■ **WHAT IS NEEDED**
Pictures in the listing below are skipped, while the lines from the "Ein atemberaubend schönes, bequemes" line through the "Verpackt in einer Sperrholzkiste. Sie" line are returned word for word.

■ **LISTED RECORDS**

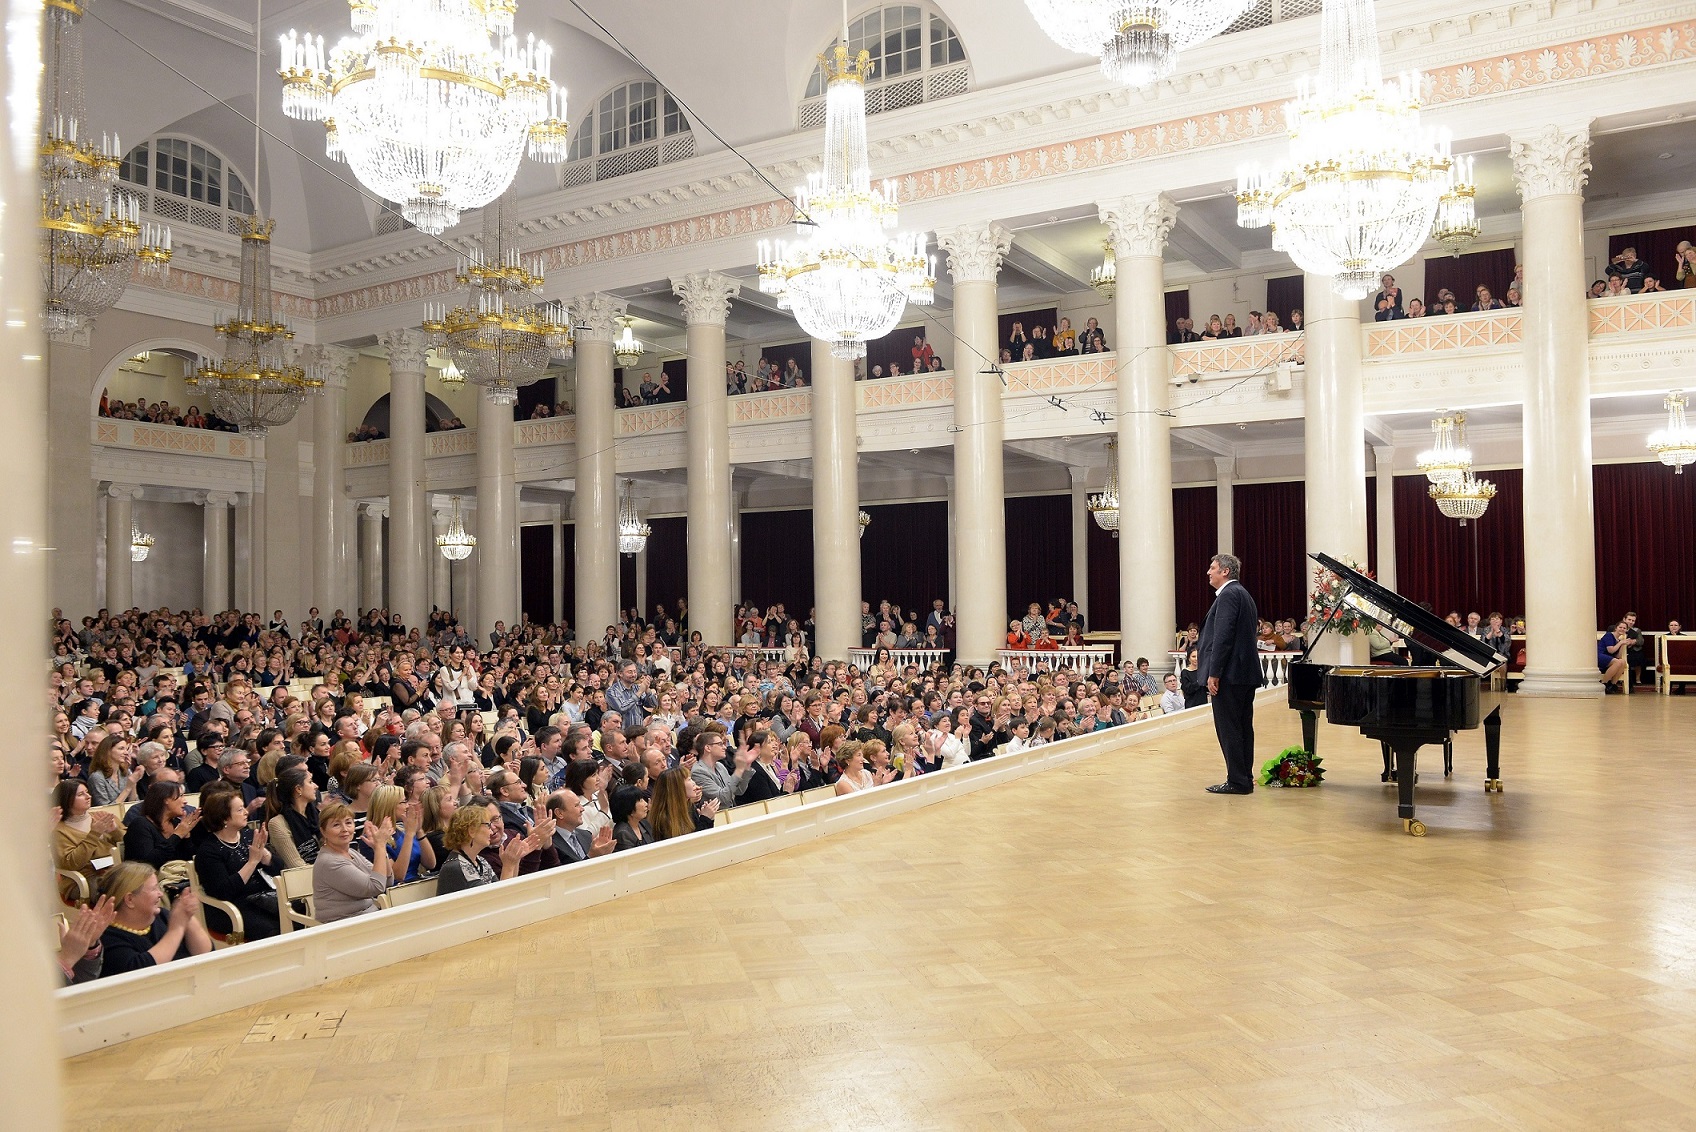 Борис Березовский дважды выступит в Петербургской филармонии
==
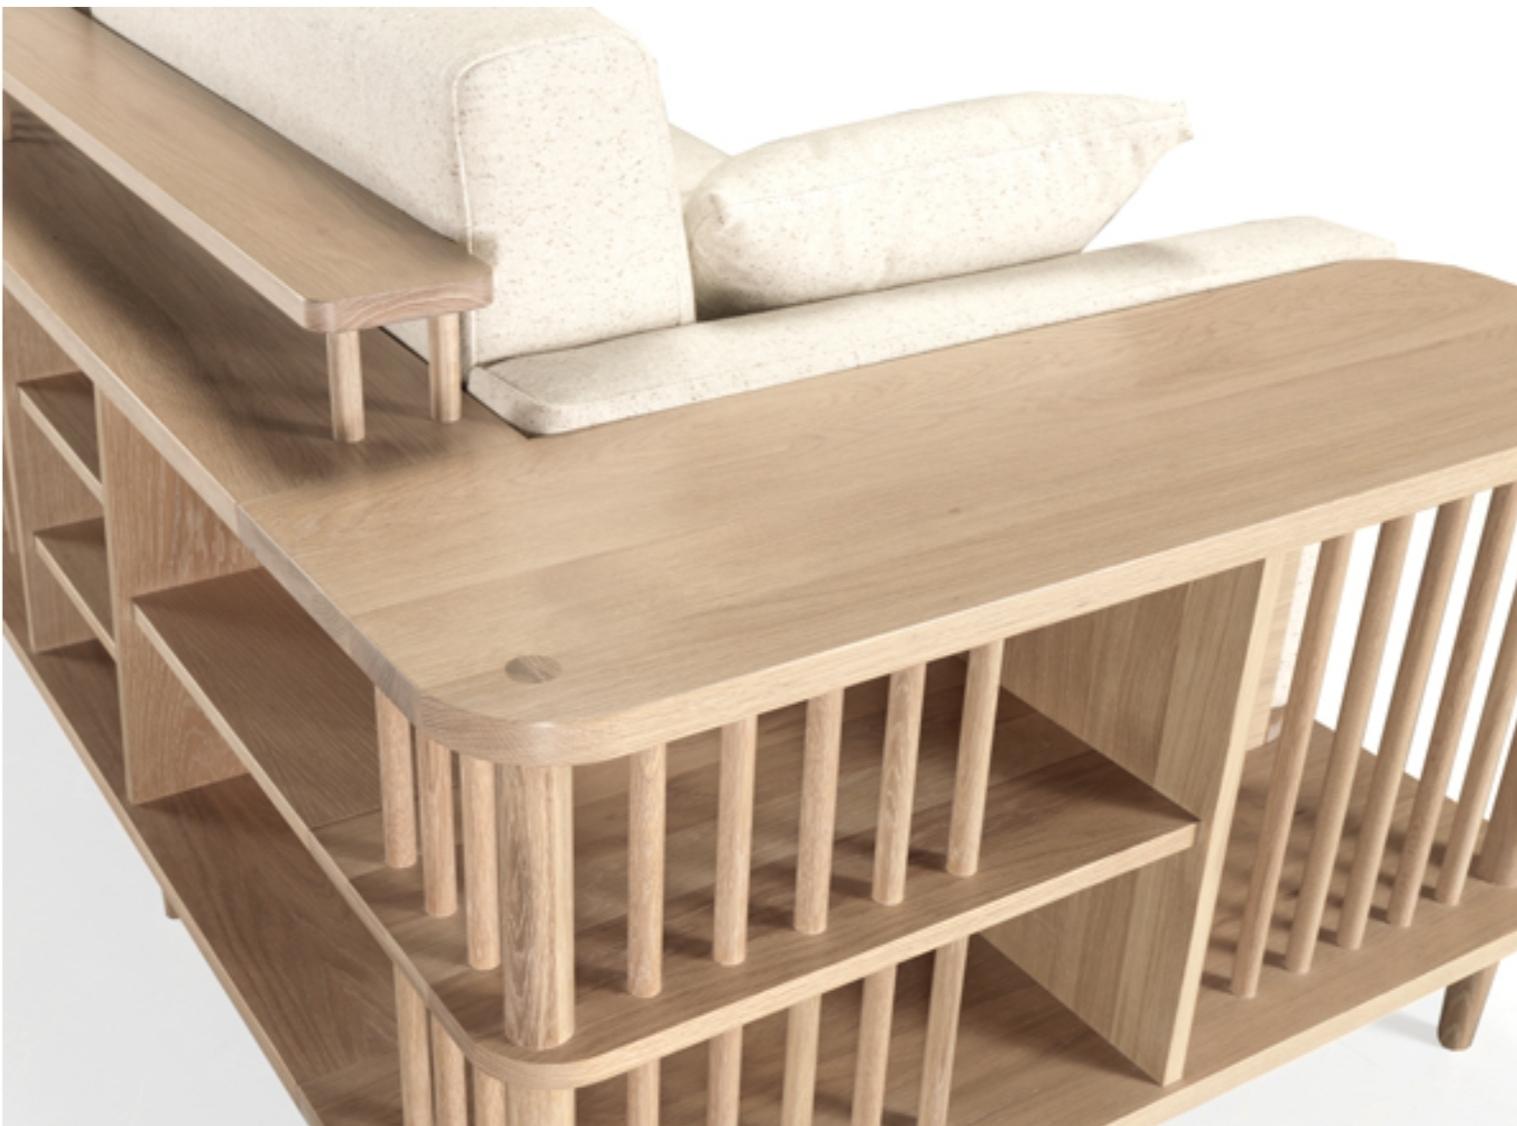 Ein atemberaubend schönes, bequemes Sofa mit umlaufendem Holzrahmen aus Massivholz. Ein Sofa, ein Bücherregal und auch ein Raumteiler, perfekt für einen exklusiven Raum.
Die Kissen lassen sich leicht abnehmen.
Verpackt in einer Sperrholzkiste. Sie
* * *
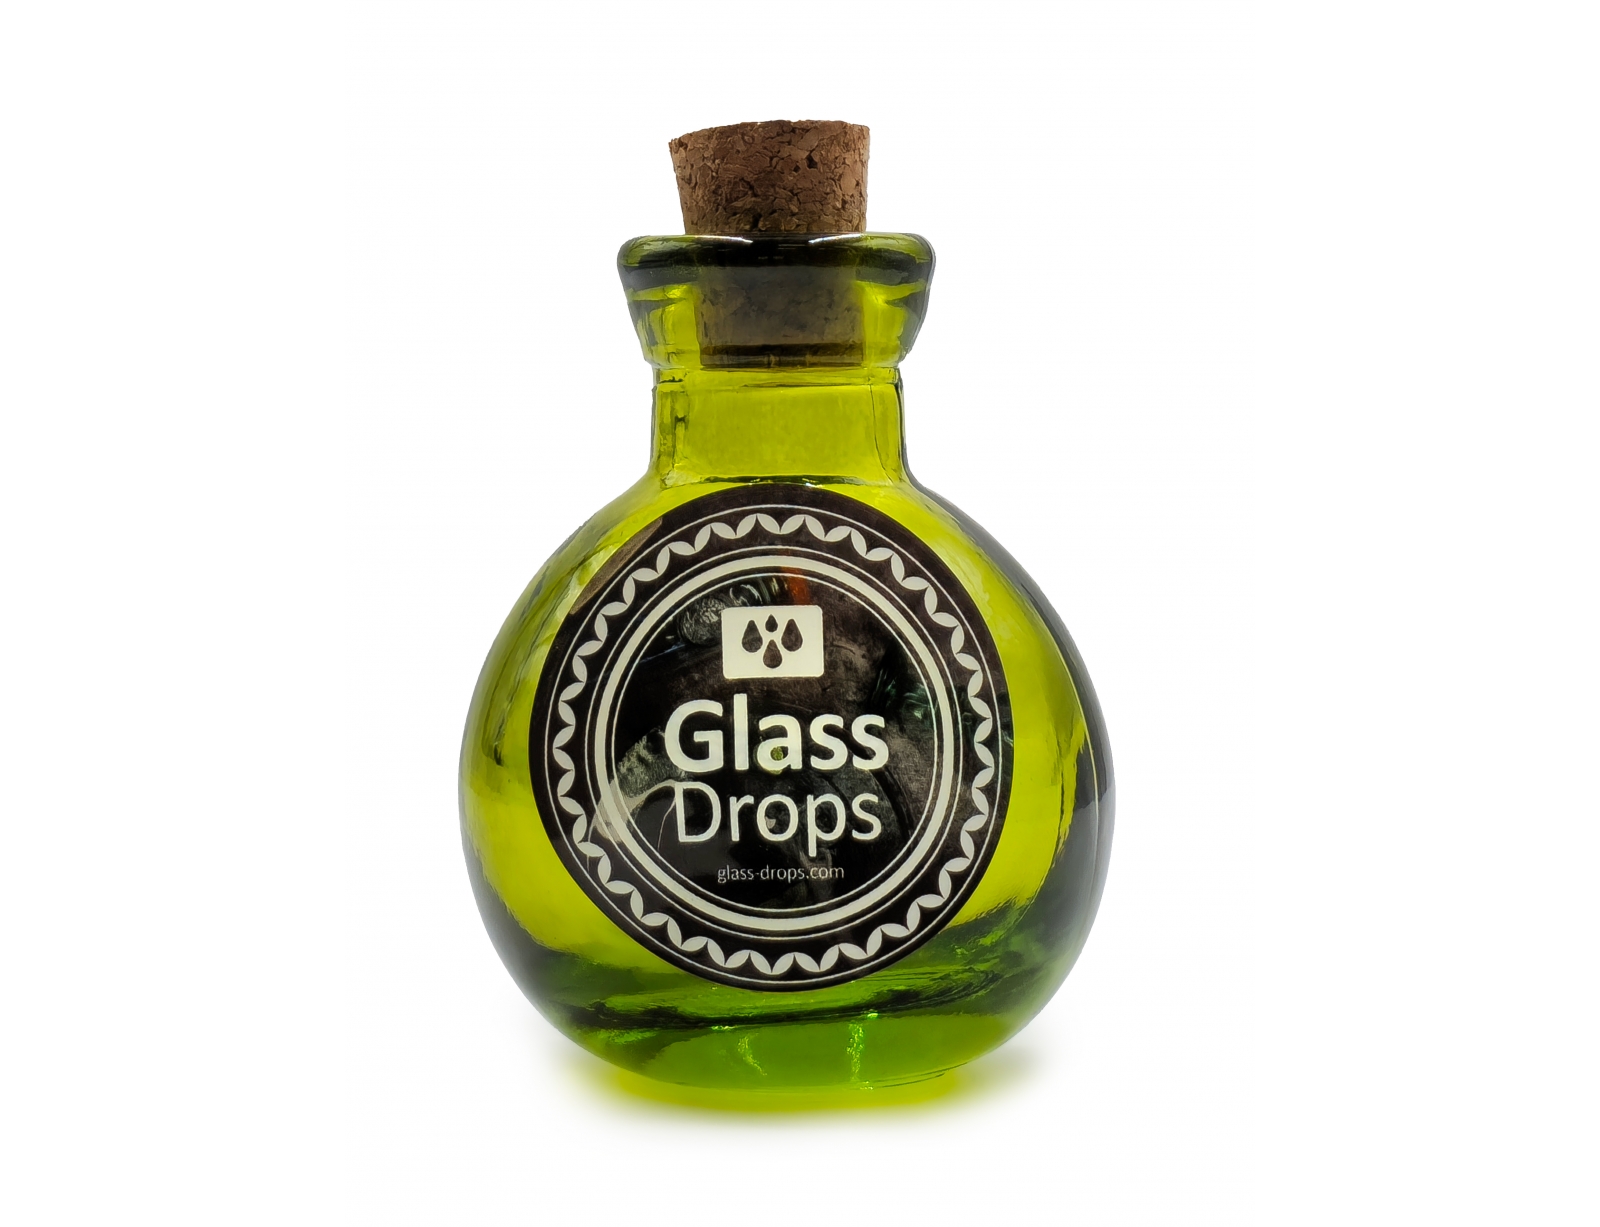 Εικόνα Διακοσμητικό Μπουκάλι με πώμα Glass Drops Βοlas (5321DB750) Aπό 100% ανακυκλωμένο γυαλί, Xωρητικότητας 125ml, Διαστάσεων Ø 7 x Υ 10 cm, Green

■ **SOLUTION FOR THIS EXERCISE**
 Ein atemberaubend schönes, bequemes Sofa mit umlaufendem Holzrahmen aus Massivholz. Ein Sofa, ein Bücherregal und auch ein Raumteiler, perfekt für einen exklusiven Raum.
Die Kissen lassen sich leicht abnehmen.
Verpackt in einer Sperrholzkiste. Sie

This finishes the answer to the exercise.